* **Data shown**:
........

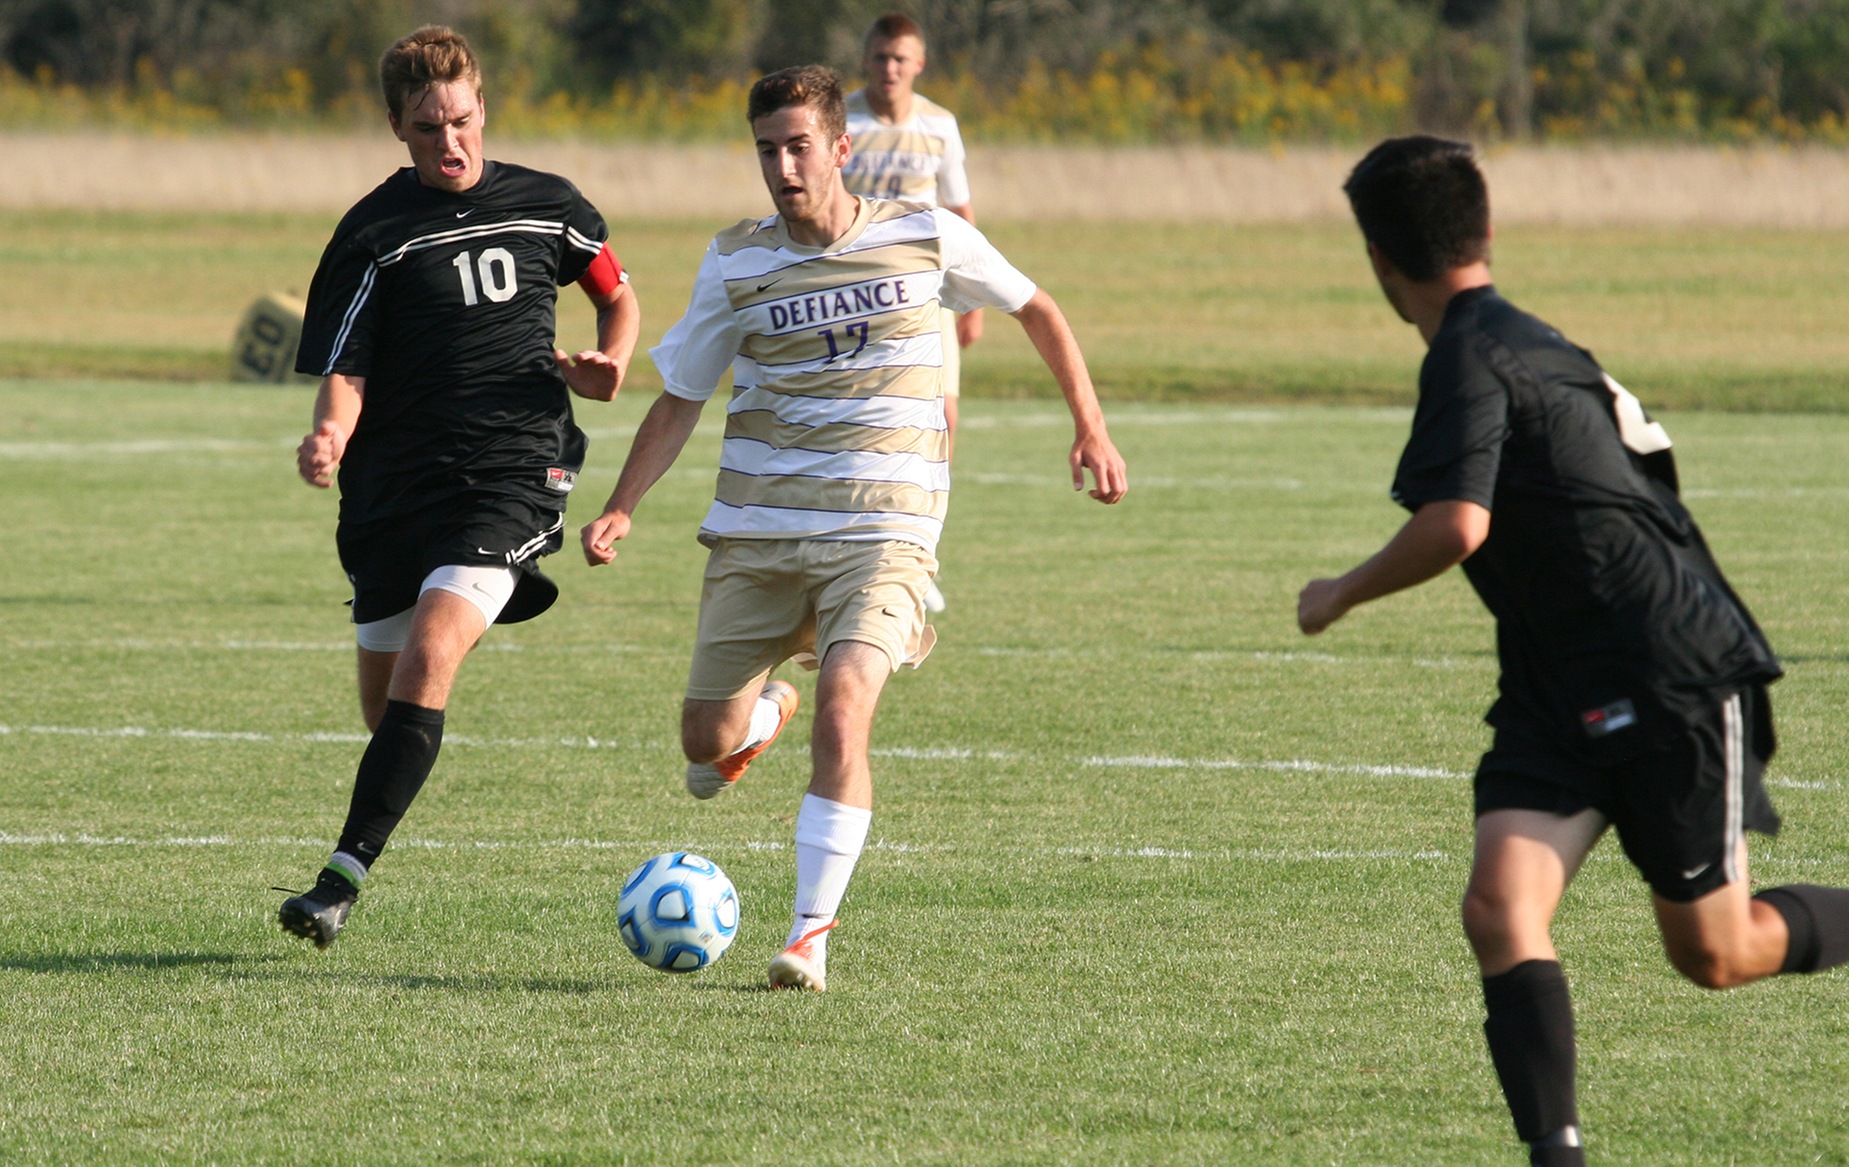 Yellow Jackets Defeat the Spartans, 3-1
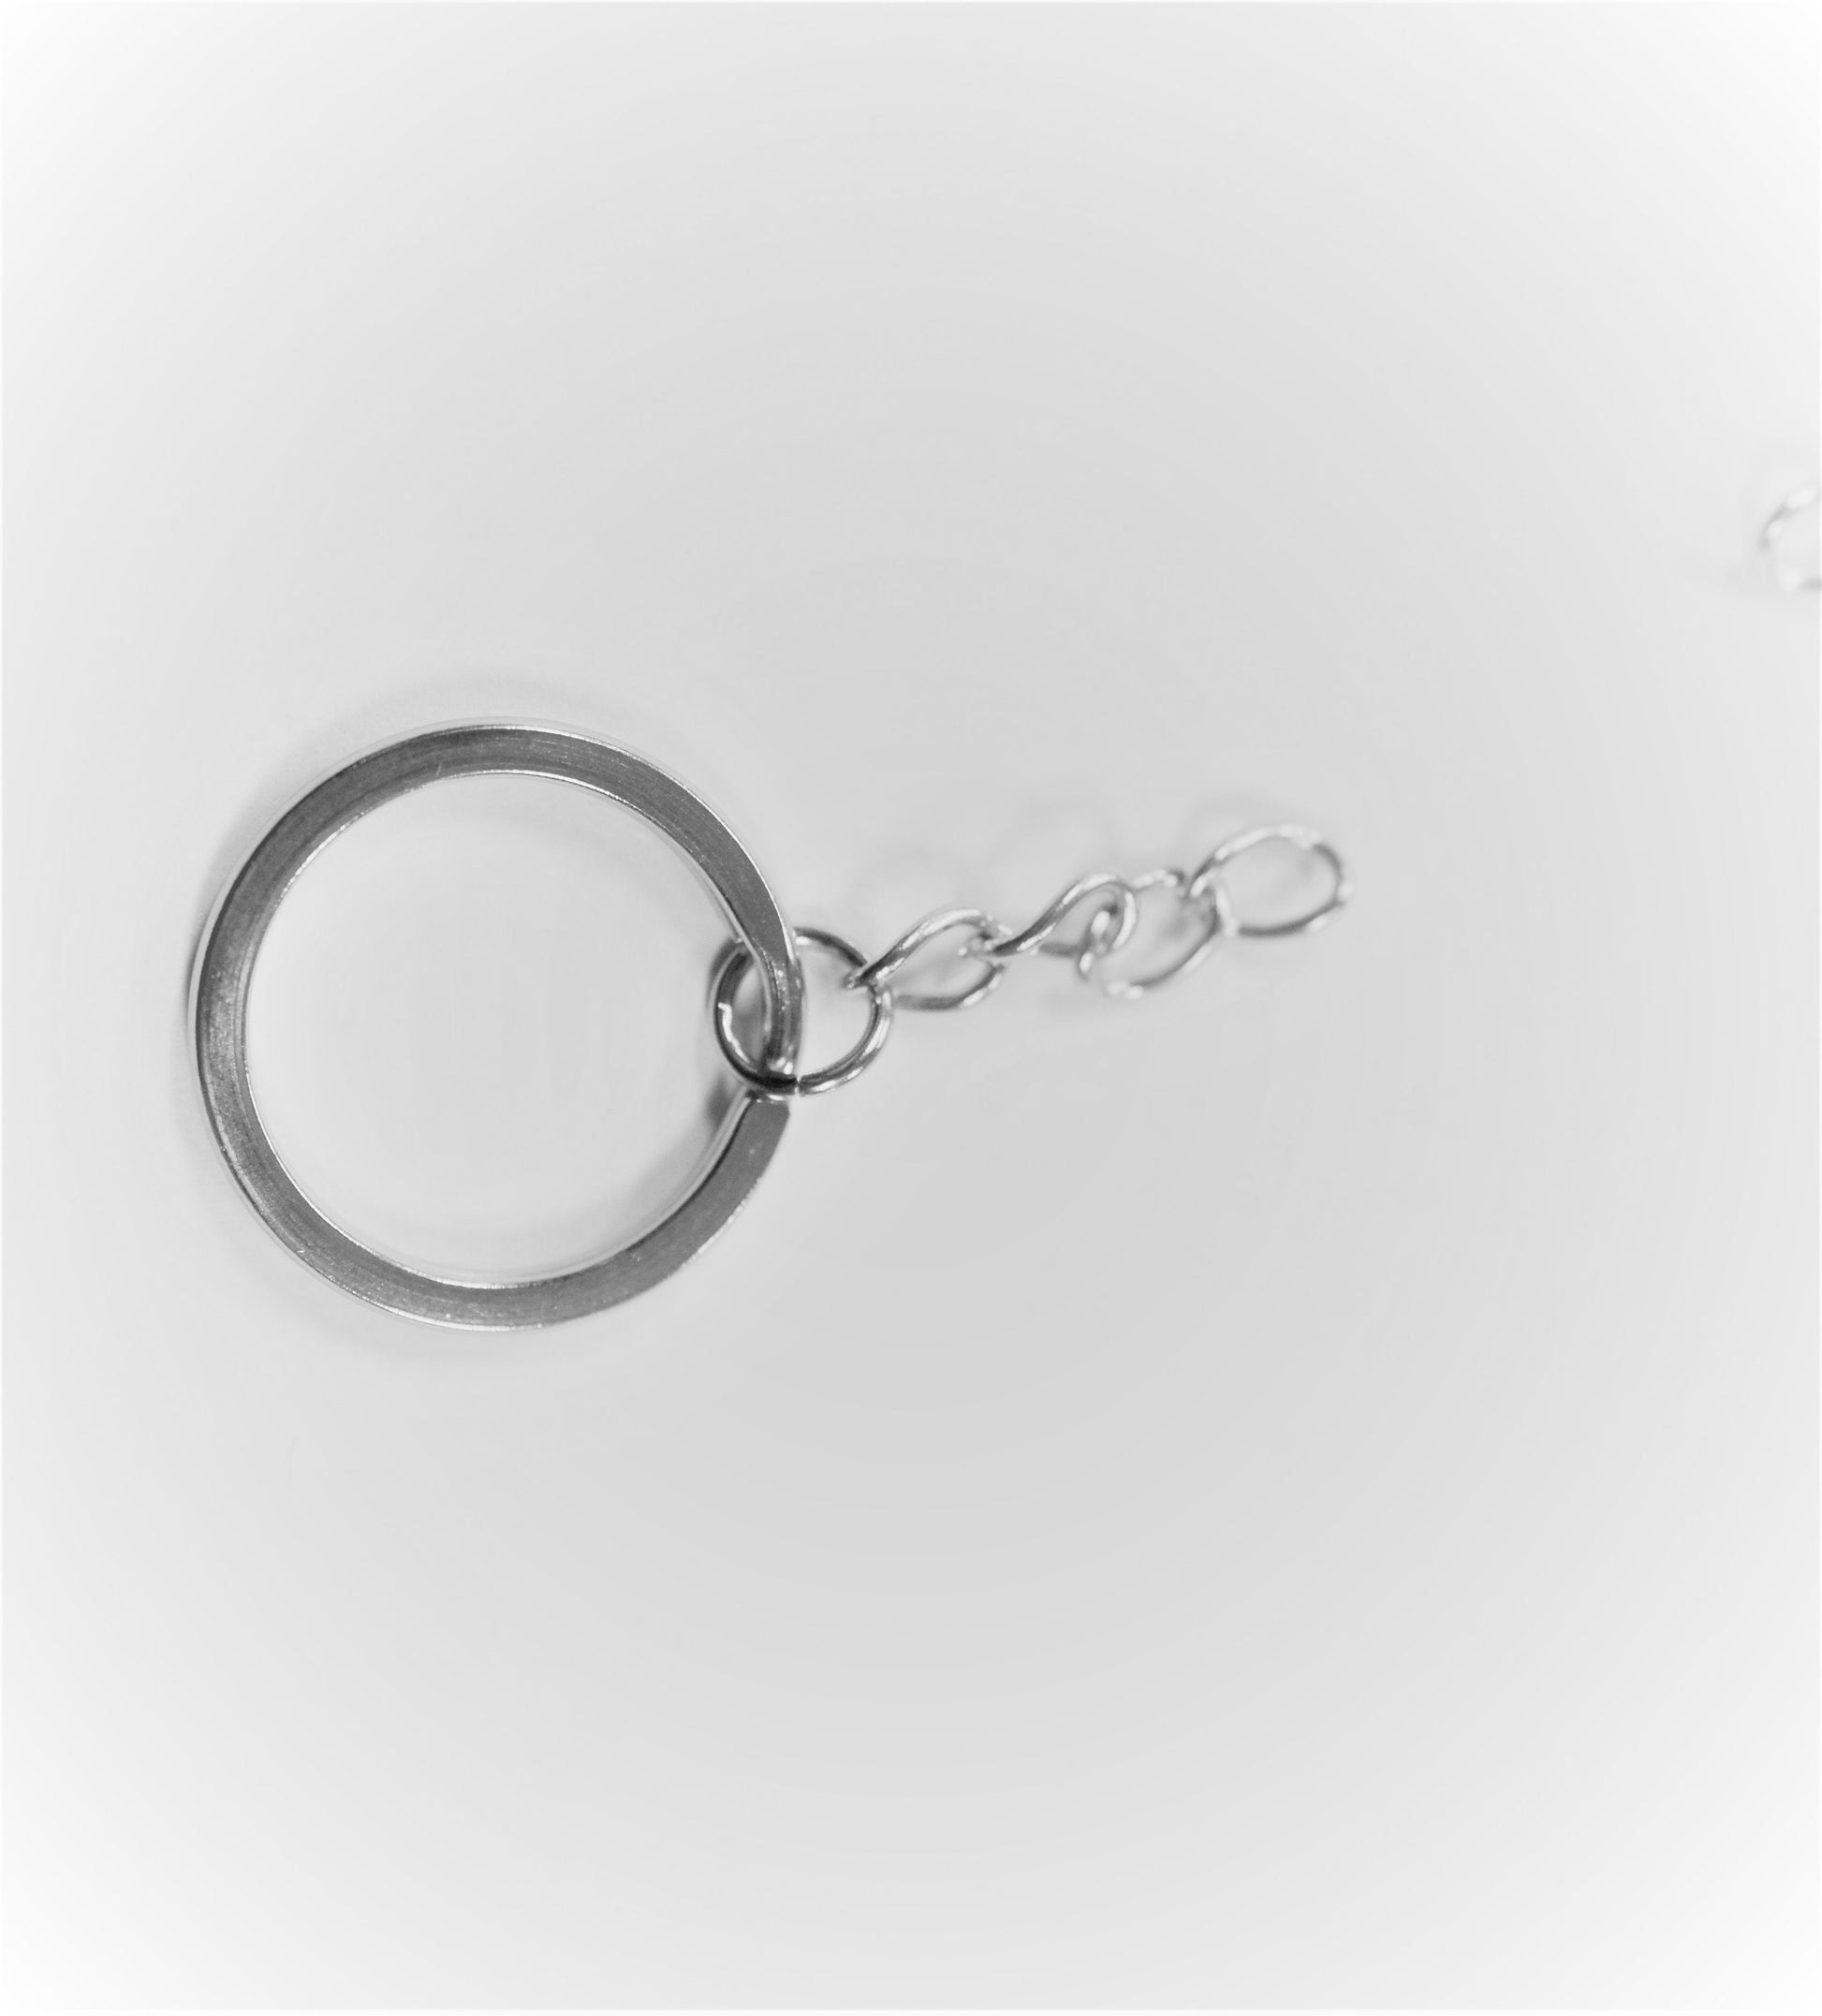 Plain Stainless Steel Hook Key Chain and extension 20mm double round ring For Jewelry supplier 2mm thickness wholesale keychain
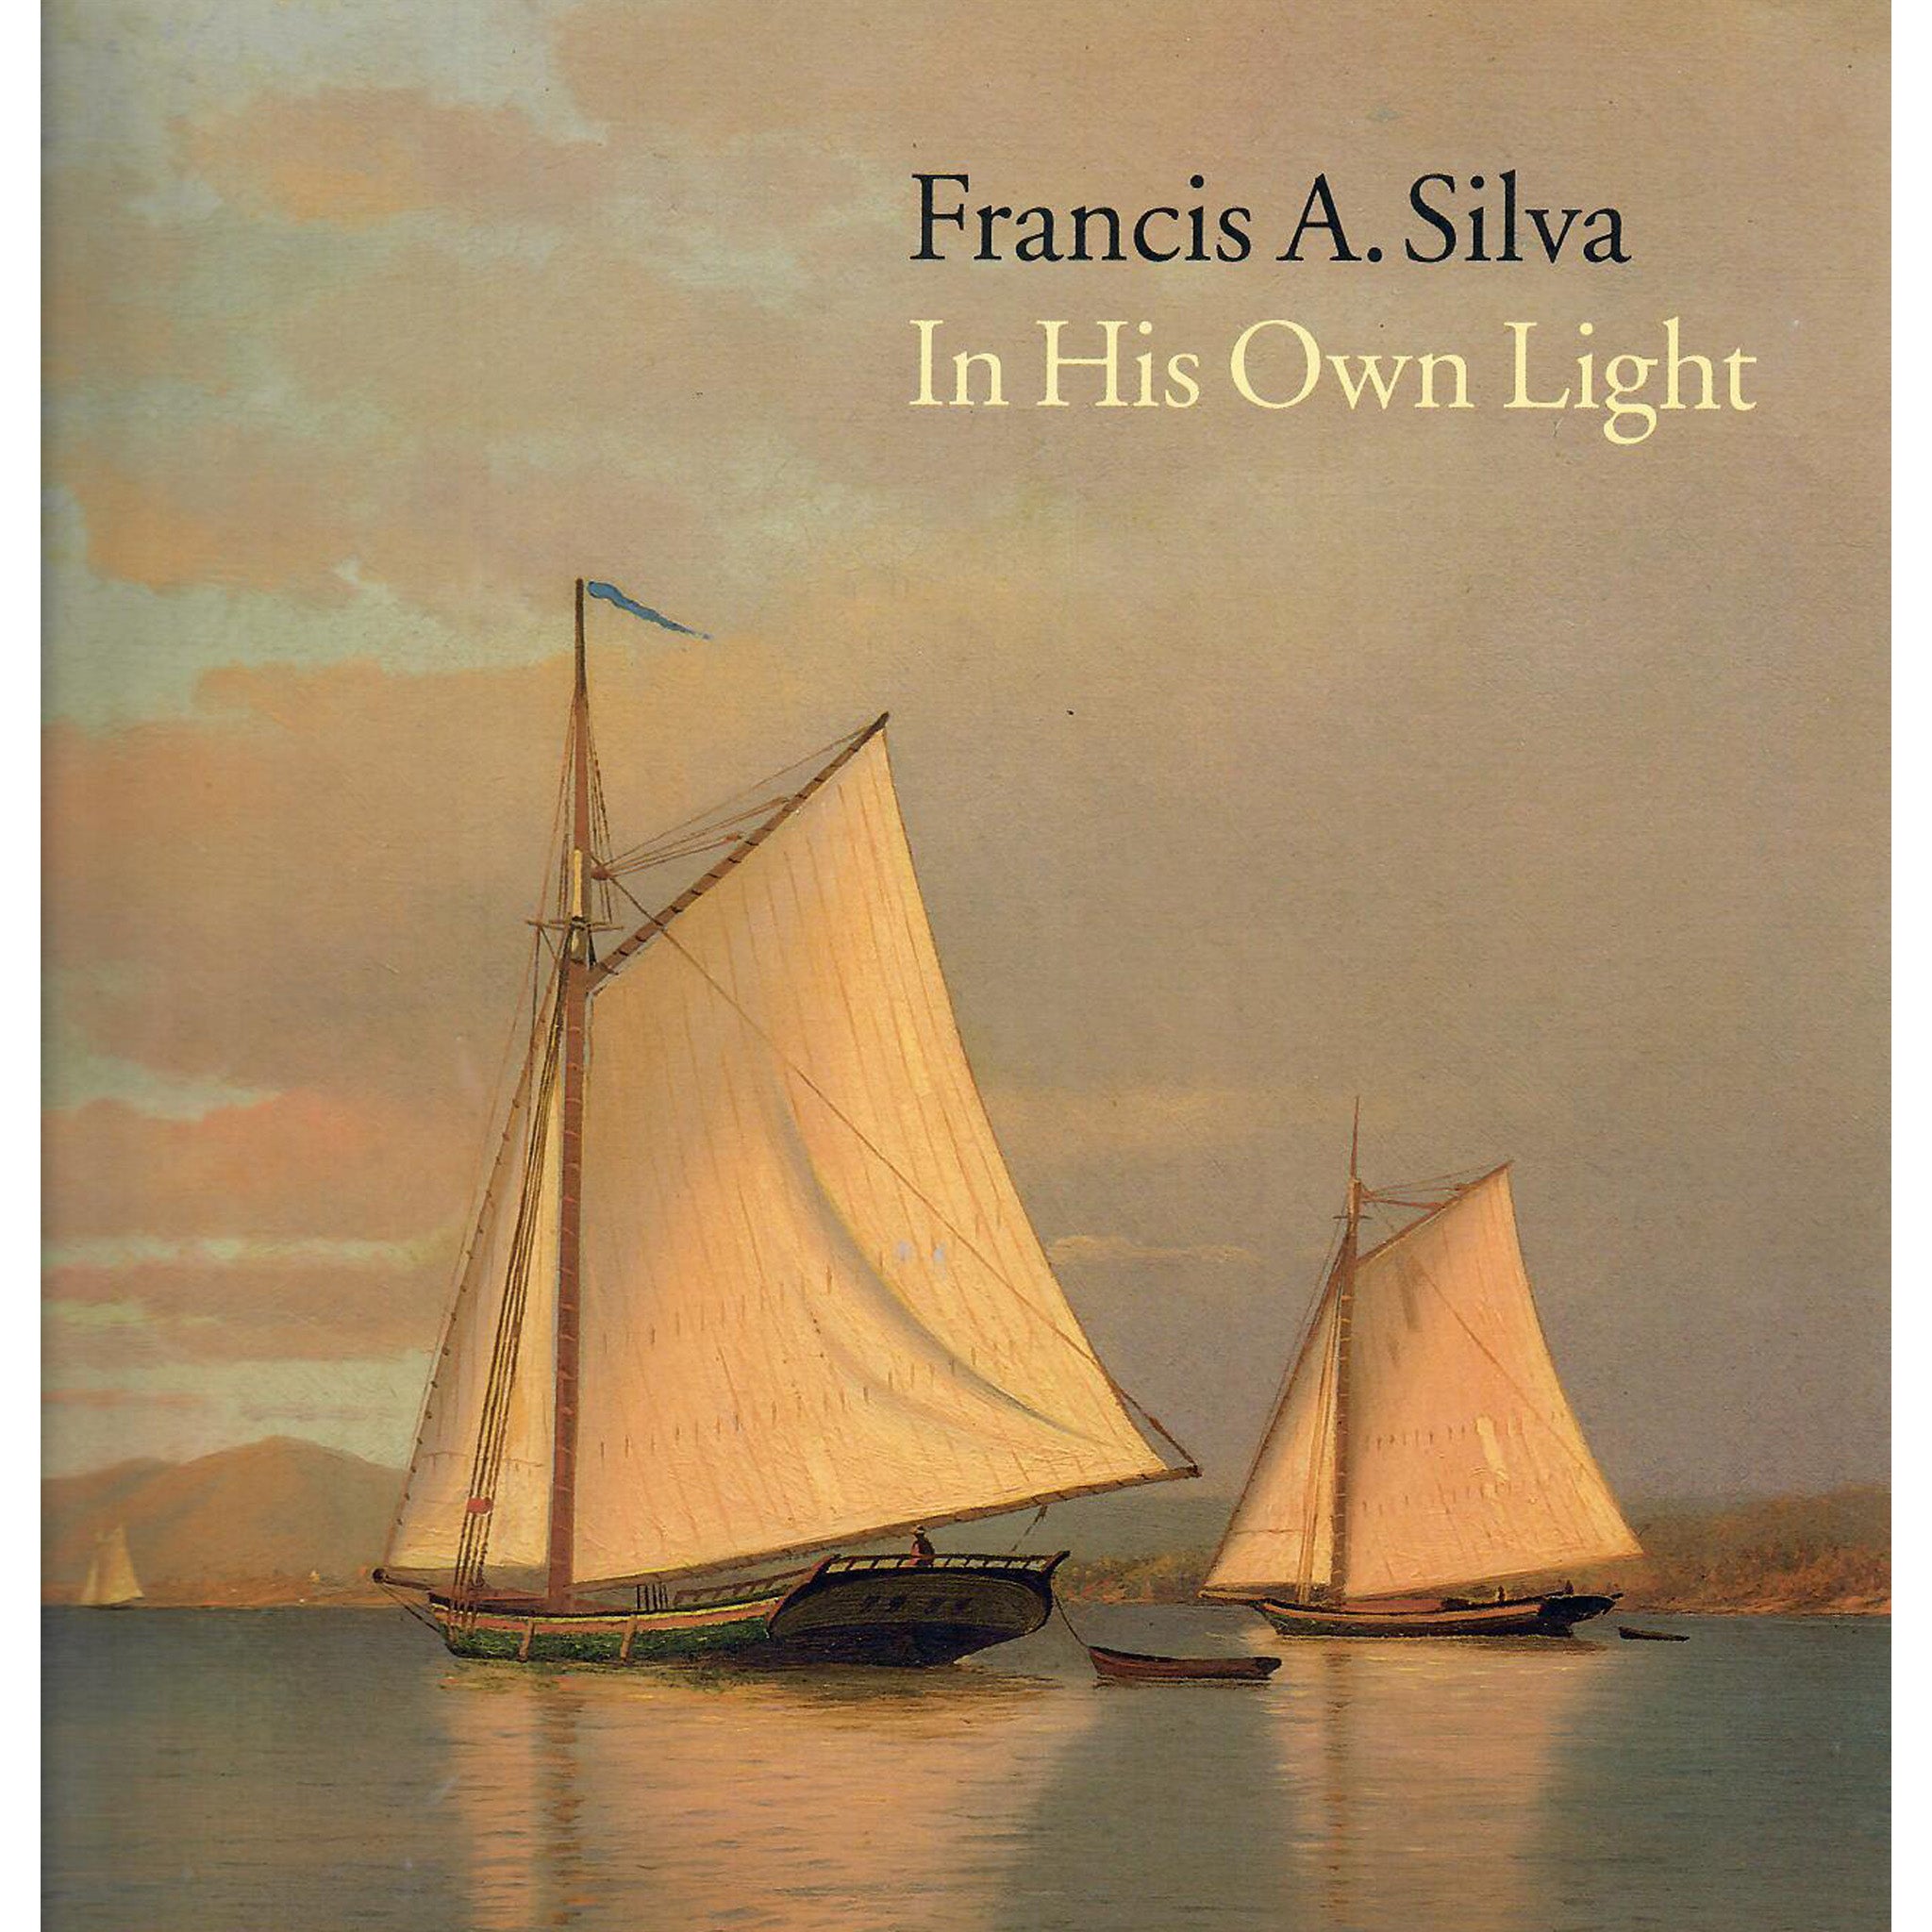 Francis A. Silva: In His Own Light

........

What you return should be all of the material above, exactly, and none of its pictures.

 Yellow Jackets Defeat the Spartans, 3-1
 Plain Stainless Steel Hook Key Chain and extension 20mm double round ring For Jewelry supplier 2mm thickness wholesale keychain
 Francis A. Silva: In His Own Light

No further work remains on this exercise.